Considering that 2020 in Ghana is both an election year and a pandemic year, the country could be in for a perfect storm of misinformation.
In Ghana, the dissemination of false information is a criminal offense punishable by a fine of GHS 36,000 (about $6,250) and up to five years’ imprisonment, according to Section 76 of Ghana’s Electronic Communications Act (2008). Ignorance of the fact that the information is false is not an excuse, as the act explains that “a person is taken to know that a communication is false or misleading if that person did not take reasonable steps to find out
whether the communication was false, misleading, reckless or fraudulent.”
Some independent fact-checking organizations and media houses in Ghana are working to identify and correct fake news (Ghanaweb, 2020; Media Foundation for West Africa, 2020), and the government has arrested or pursued some social media users accused of spreading misinformation about COVID-19 (Modern Ghana, 2020; Myjoyonline, 2020). Still, opportunities for misinforming seem almost endless, especially on social media.
Findings from Afrobarometer’s most recent survey in Ghana, conducted in SeptemberOctober 2019, show that social media is becoming an increasingly common source of news for Ghanaians, even though they trust it less than traditional media. They are also clear-eyed about social media’s negative as well as positive effects on society.
Supporters of unrestricted access to social media and the Internet outnumber opponents, but a majority want the government to be able to fight the spread of false information, hate speech, and other problematic content.

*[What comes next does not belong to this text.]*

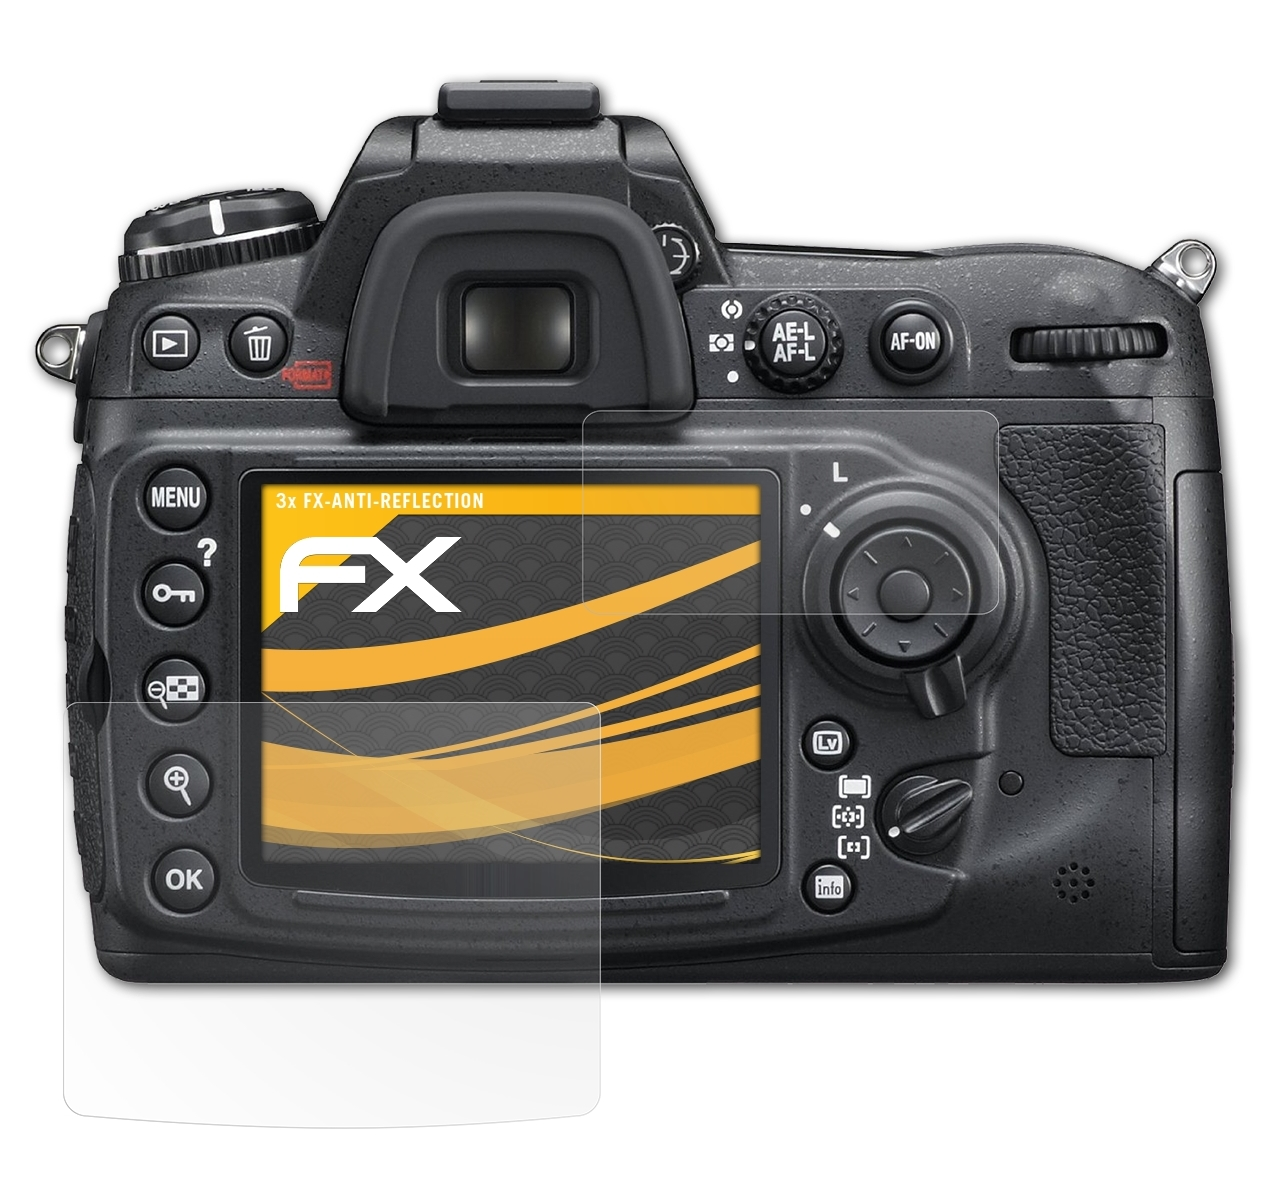 ATFOLIX 3x FX-Antireflex Nikon Displayschutz(für D300)

Afrobarometer is a pan-African, nonpartisan survey research network that provides reliable data on African experiences and evaluations of democracy, governance, and quality of life.

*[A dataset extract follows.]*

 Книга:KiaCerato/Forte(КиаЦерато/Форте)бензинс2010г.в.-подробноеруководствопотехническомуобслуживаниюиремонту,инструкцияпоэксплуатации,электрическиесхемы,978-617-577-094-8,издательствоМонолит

Seven rounds of surveys were completed in up to 38 countries between 1999 and 2018.
Round 8 surveys in 2019/2020 are planned in at least 35 countries. Afrobarometer conducts face-to-face interviews in the language of the respondent’s choice with nationally representative samples.

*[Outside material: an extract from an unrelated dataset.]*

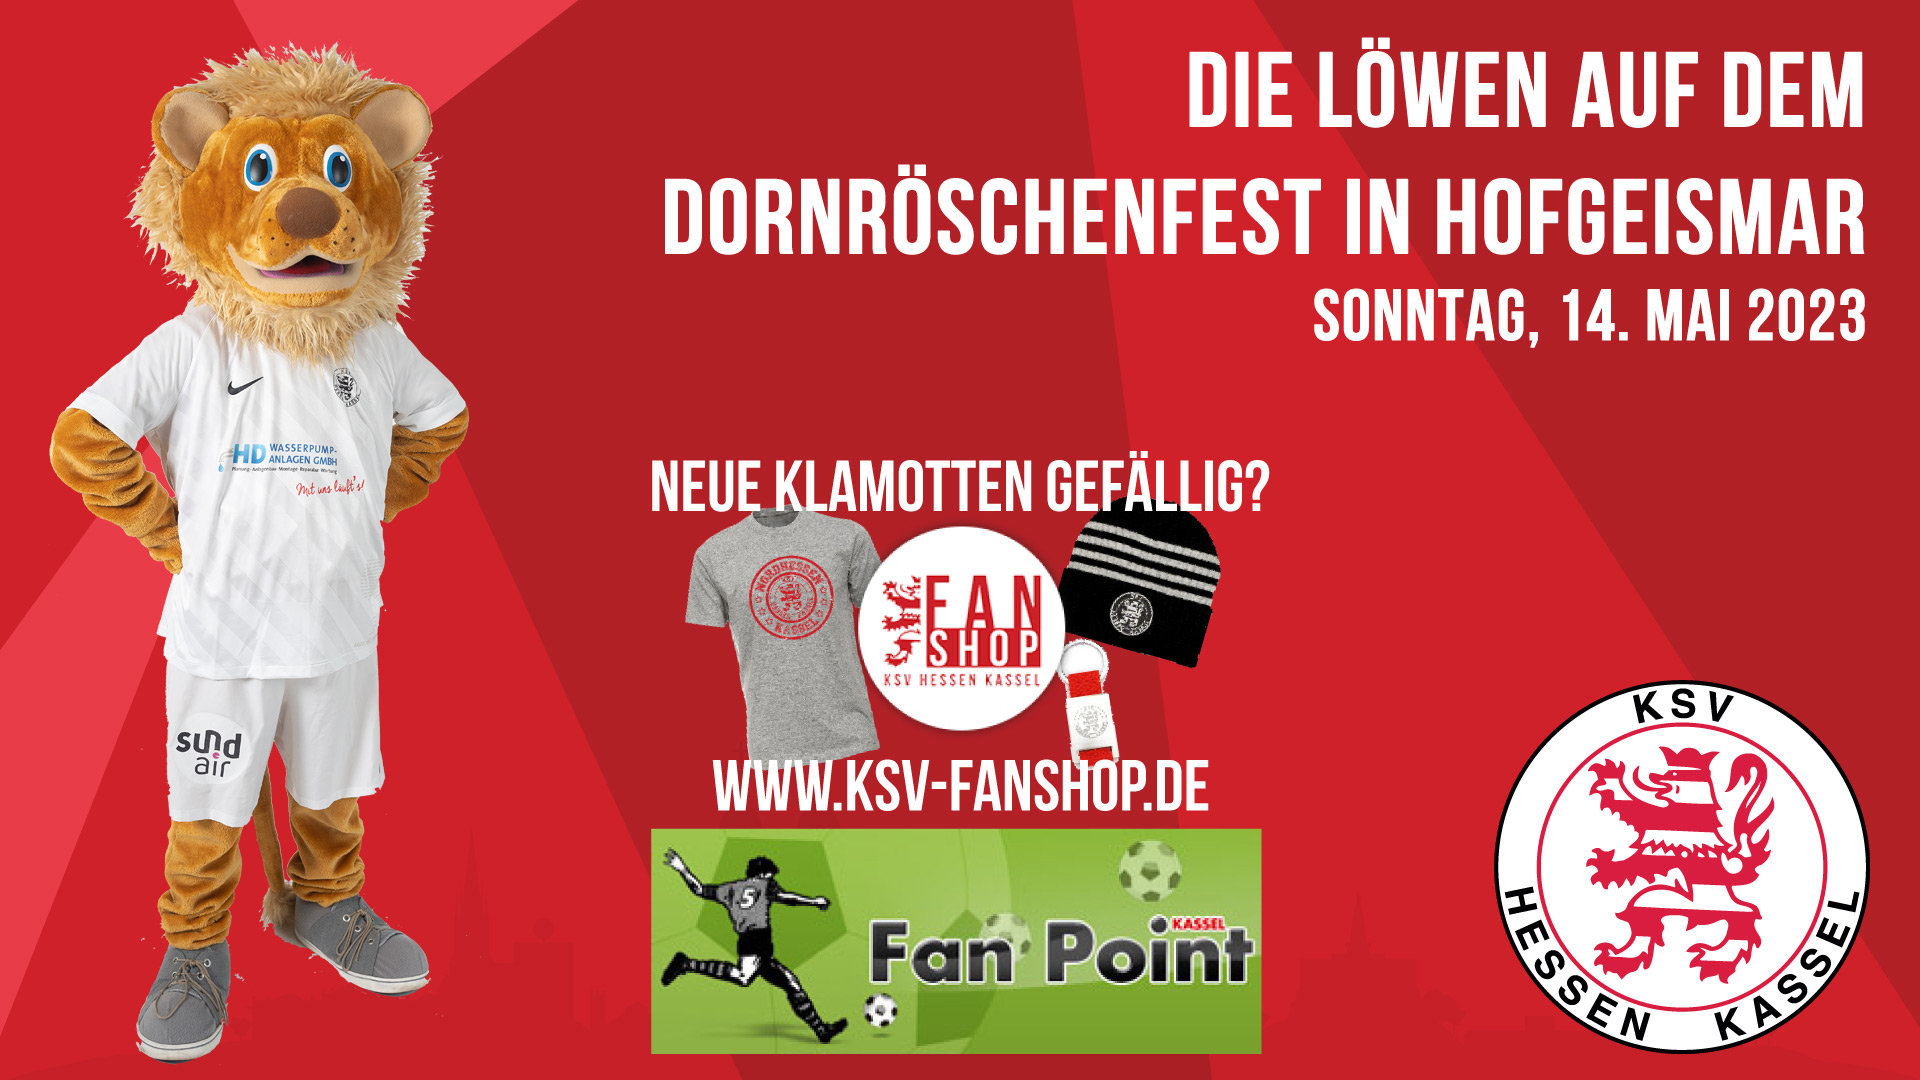 Dornröschenfest in Hofgeismar am Sonntag, 14. Mai 2023

The Afrobarometer team in Ghana, led by the Ghana Center for Democratic Development (CDD-Ghana), interviewed 2,400 adult Ghanaians between 16 September and 3 October 2019. A sample of this size yields country-level results with a margin of error of +/-2 percentage points at a 95% confidence level. Previous surveys were conducted in Ghana in 1999, 2002, 2004, 2008, 2012, 2014, and 2017.
▪ The Afrobarometer survey conducted in late 2019 shows that although radio and television remain the most dominant news sources, daily news consumption via social Media (by 22% of Ghanaians) and the Internet (19%) is steadily increasing.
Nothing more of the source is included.